Task requirements:
Pictures stay out; please output the remaining data exactly.

The data:
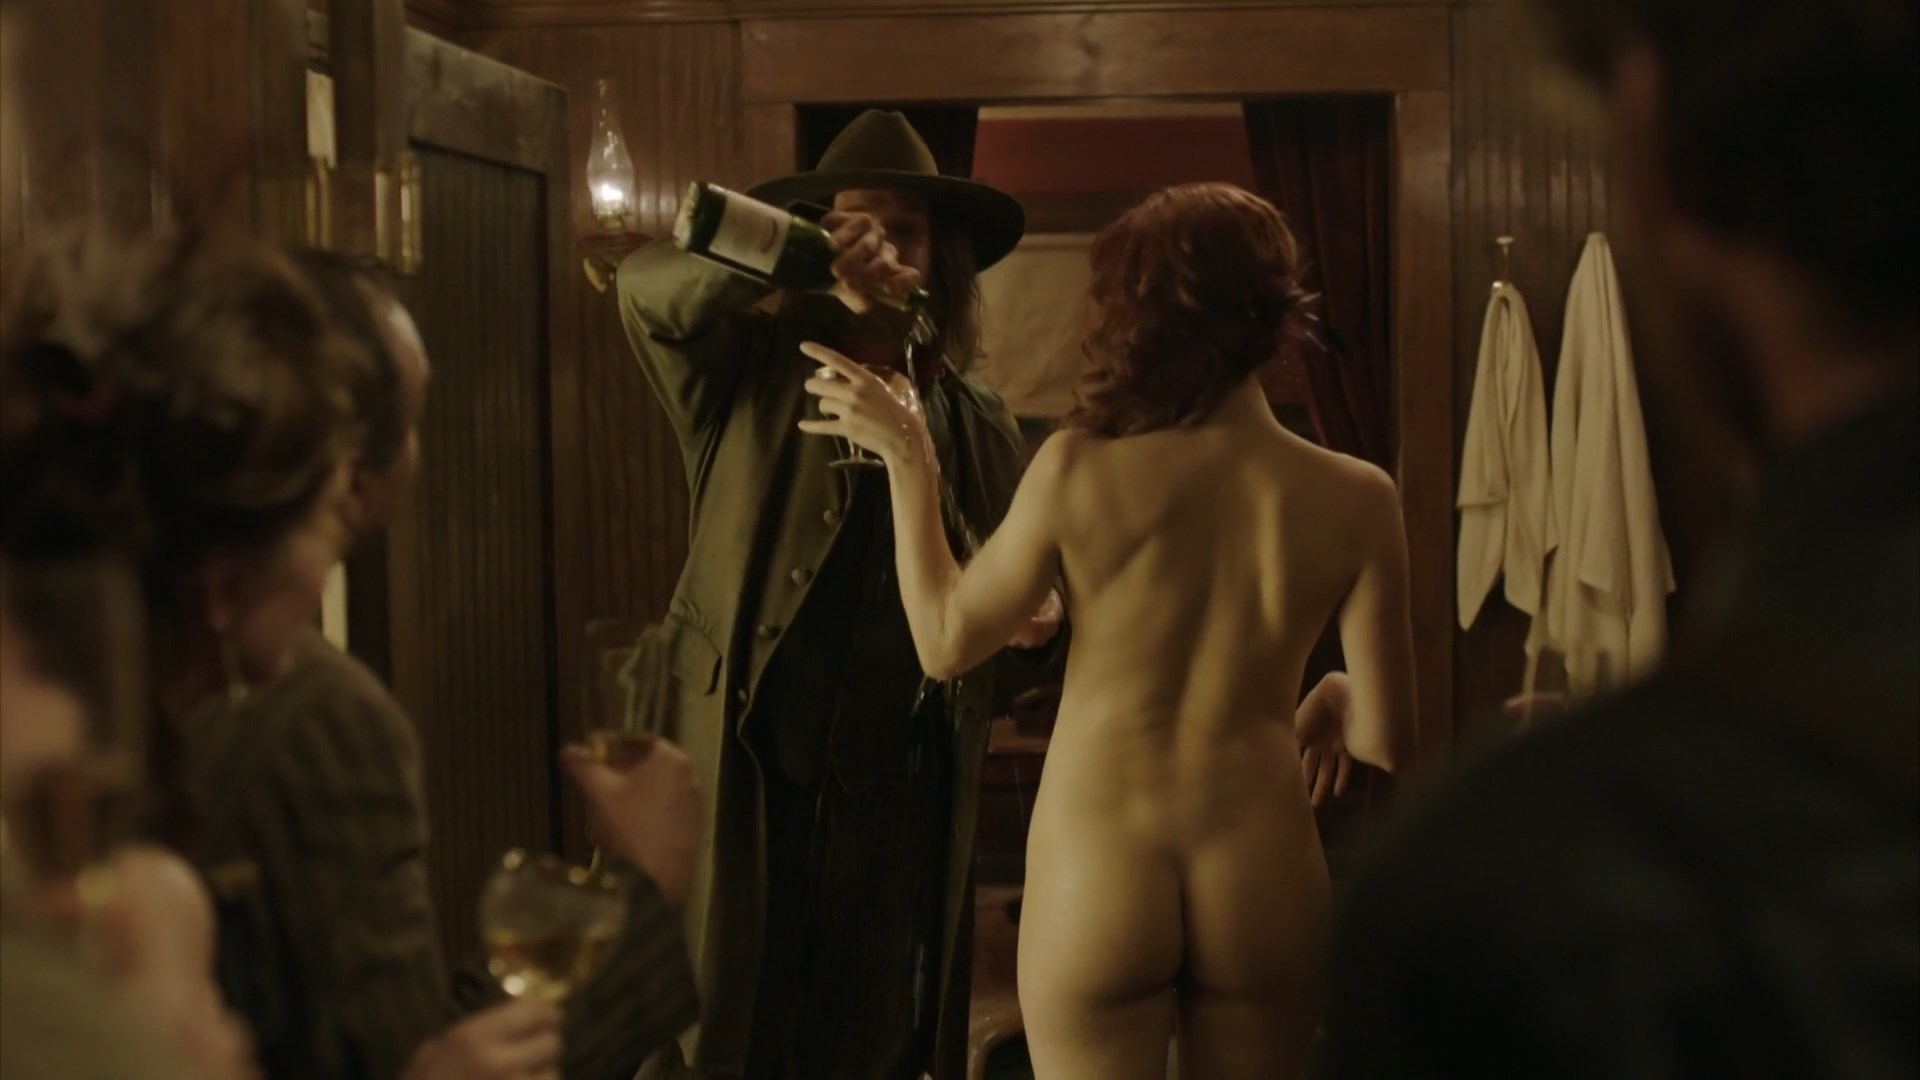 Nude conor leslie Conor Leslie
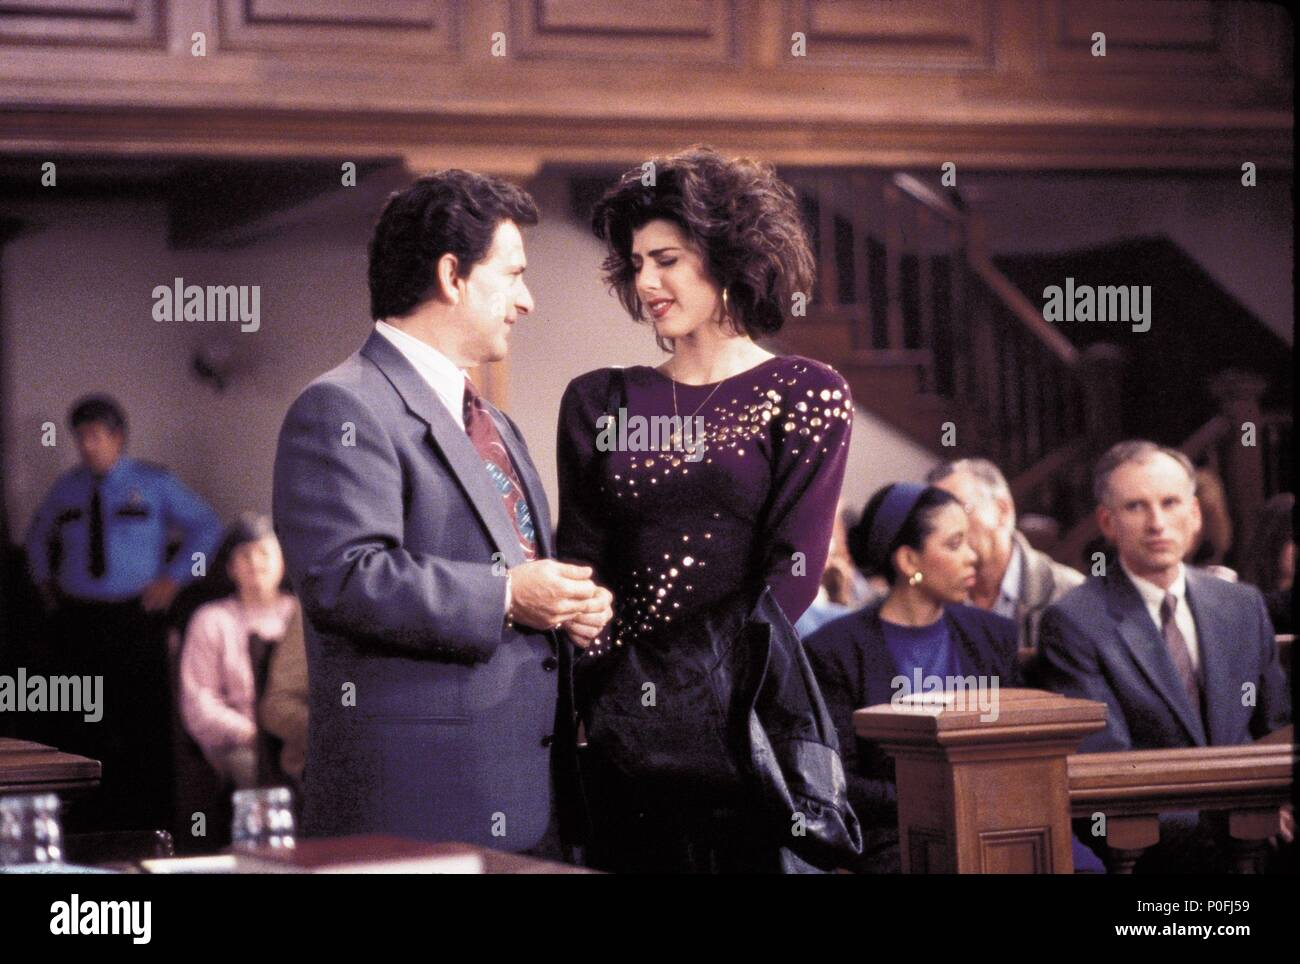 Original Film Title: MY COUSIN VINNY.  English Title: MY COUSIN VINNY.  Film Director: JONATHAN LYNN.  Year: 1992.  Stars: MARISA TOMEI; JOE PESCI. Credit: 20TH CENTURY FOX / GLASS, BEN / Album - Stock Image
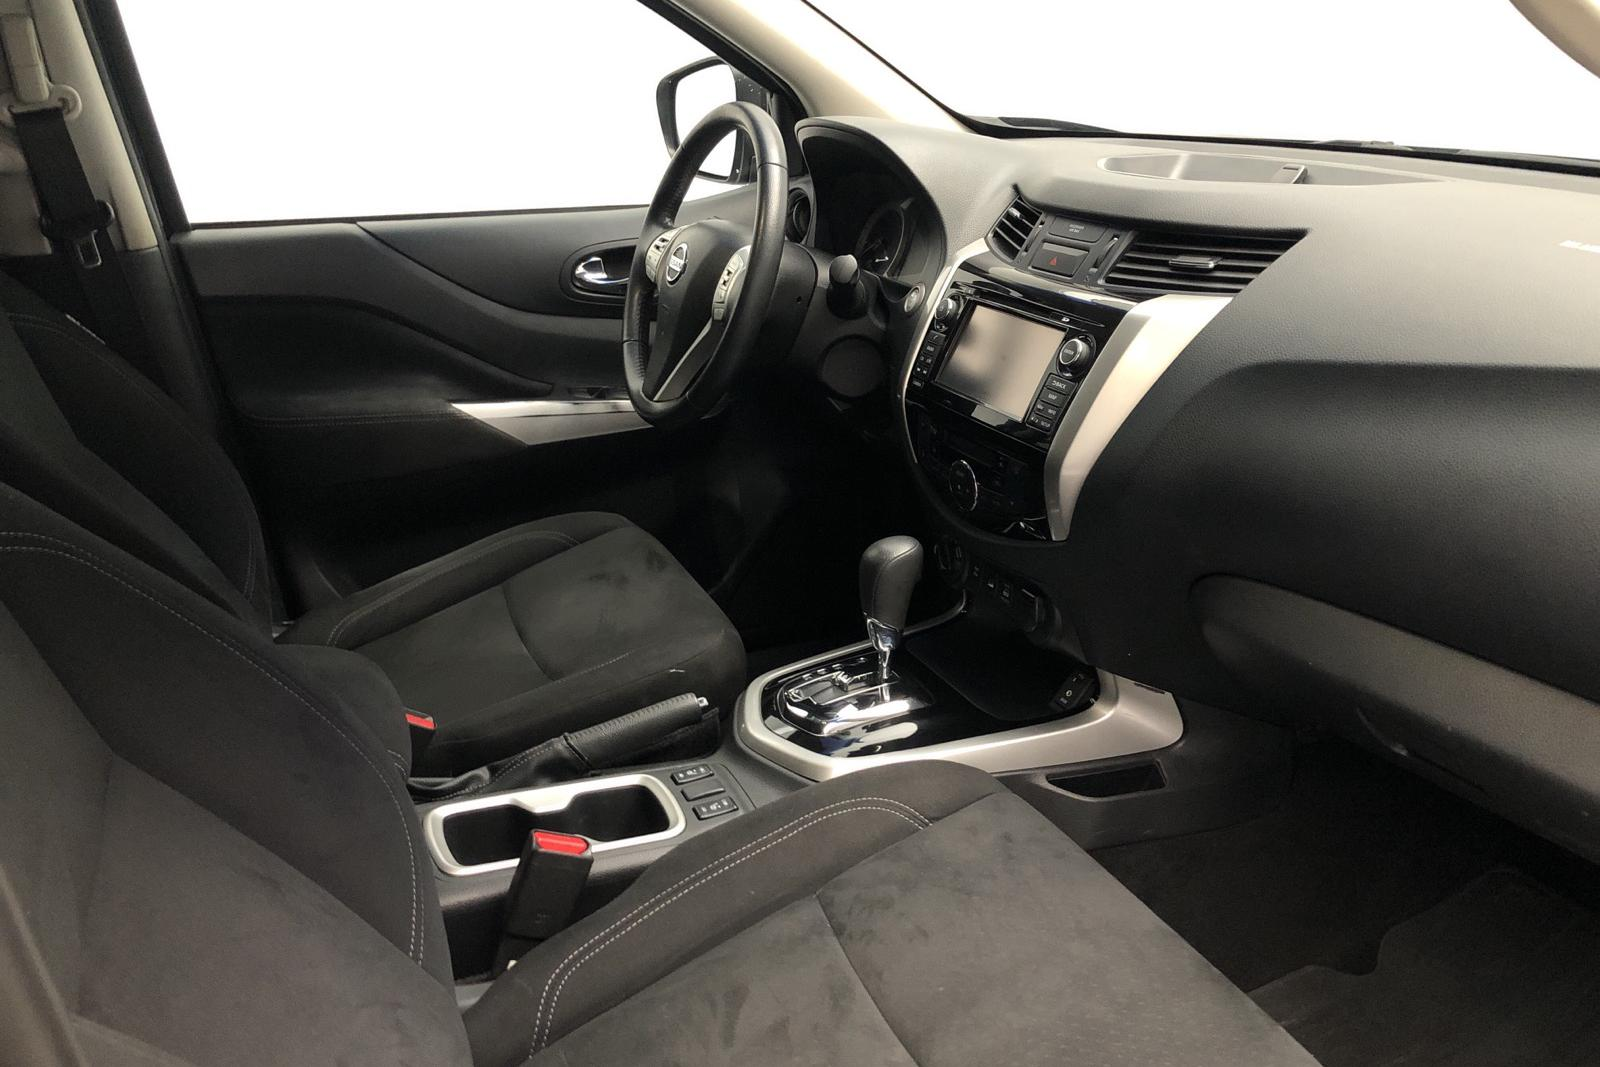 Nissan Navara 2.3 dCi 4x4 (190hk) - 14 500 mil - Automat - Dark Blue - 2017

Reply:
 Nude conor leslie Conor Leslie
 Original Film Title: MY COUSIN VINNY.  English Title: MY COUSIN VINNY.  Film Director: JONATHAN LYNN.  Year: 1992.  Stars: MARISA TOMEI; JOE PESCI. Credit: 20TH CENTURY FOX / GLASS, BEN / Album - Stock Image
 Nissan Navara 2.3 dCi 4x4 (190hk) - 14 500 mil - Automat - Dark Blue - 2017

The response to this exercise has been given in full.